6. Community & Family Engagement
- Extend Learning Beyond the Classroom: Engage students in meaningful extracurricular activities such as coaching, clubs, field trips, or service projects.
- Build Strong Partnerships: Connect with and be available to parents and students during and outside of school hours through in-person meetings and email communication.
Role Specific Responsibilities:
The Early Years Music Teacher designs, builds, and facilitates a developmentally responsive music program aligned with SAS's Institutional Commitments and the Reggio-inspired philosophy of the Early Learning Center. In this role, music is approached as a language for thinking, expression, and connection-supporting children's agency, curiosity, and sense of belonging.
Primary Responsibilities
- Pedagogical Design: Design and implement an emergent, inquiry-based music program that aligns with the Reggio-inspired philosophy of the ELC.
- Inquiry-Based Learning: Plan and facilitate play-based, inquiry-informed music experiences that are responsive to young children's interests and developmental needs.
- Inclusive Practice: Ensure all learning experiences are developmentally appropriate, inclusive, and accessible to the diverse needs of all learners.
- Student Agency: Support children's agency, creativity, and joy through the intentional exploration of sound, movement, and rhythm.

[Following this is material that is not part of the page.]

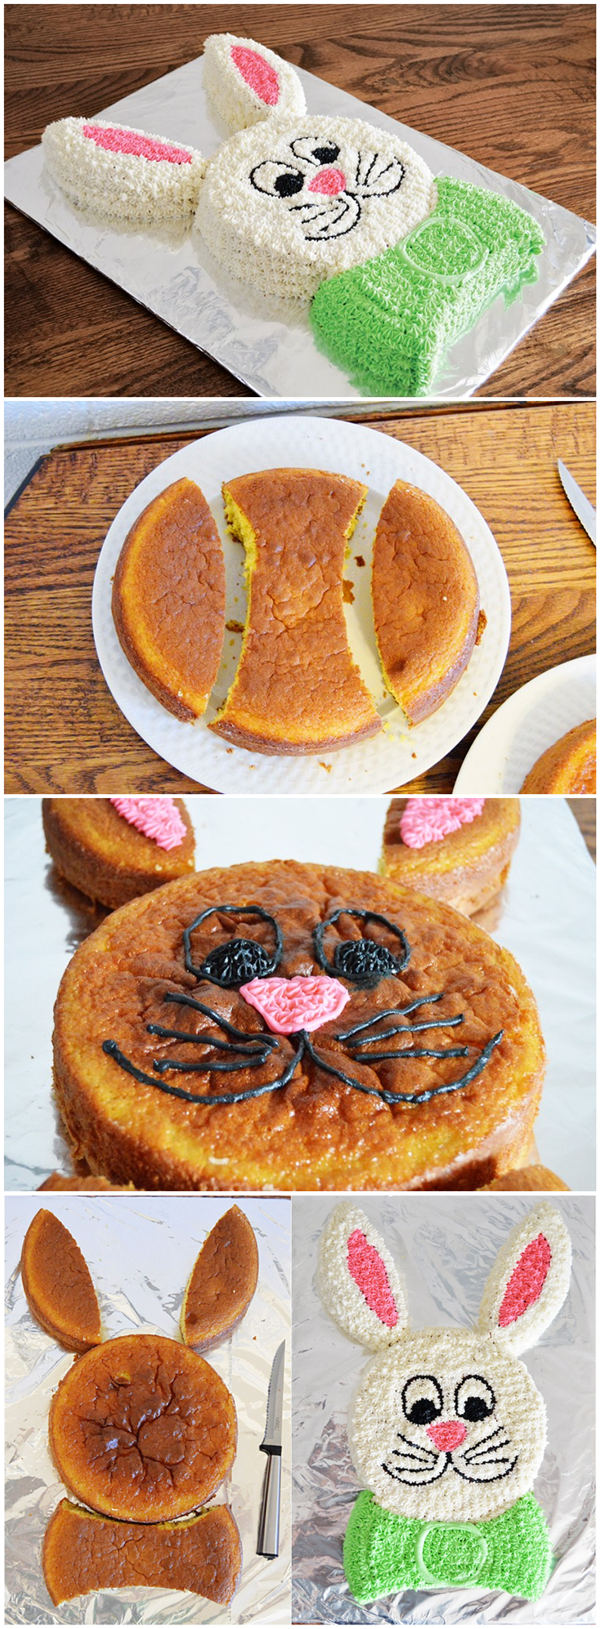 Bunny Cut Up Cake

- Environmental Stewardship: Curate an open-ended collection of musical materials, instruments, and resources that invite exploration, provocation, and creativity.
- Documentation & Reflection: Observe and document children's learning processes to inform instruction, reflect on professional practice, and share meaningful learning stories with the community.
- Collaborative Culture: Contribute positively to a collaborative professional culture, maintaining a shared responsibility for student learning and well-being.
- Ethical Engagement: Demonstrate deep respect for young children as competent, creative, and capable learners.
Position Requirements & Qualifications
- Bachelor's Degree in relevant field (i.e. early childhood/elementary education or music, etc)
- Master's Degree in relevant field preferred
- Teaching license or a degree in education
- At least two years of full-time teaching experience is preferred.
- Proficient knowledge of early childhood learning environments.
- Understanding of a Reggio Approach to early years education preferred.
- A strong affinity for young children.
- Proven ability to design and implement effective programs for children with diverse differences.
- Experience teaching multilingual learners in general classroom settings preferred
- Excellent verbal and written English language skills
- Confident technology skills for teaching and administrative tasks
Working Requirements
- Sponsoring and/or coaching after school activities are part of the responsibility of the professional educator. Therefore, faculty shall be available to coach and/or sponsor an athletic team or other extra curricular activity. Each faculty member is expected to do a minimum of one category 1 activity or sport per year.
- Mandatory attendance of school orientation and participation in a minimum of four evening and/or weekend school activities each year, as assigned (including Back-to-School Night).
- Attend Responsive Classroom professional learning (virtual), specified by the school, in the months prior to the official start of employment.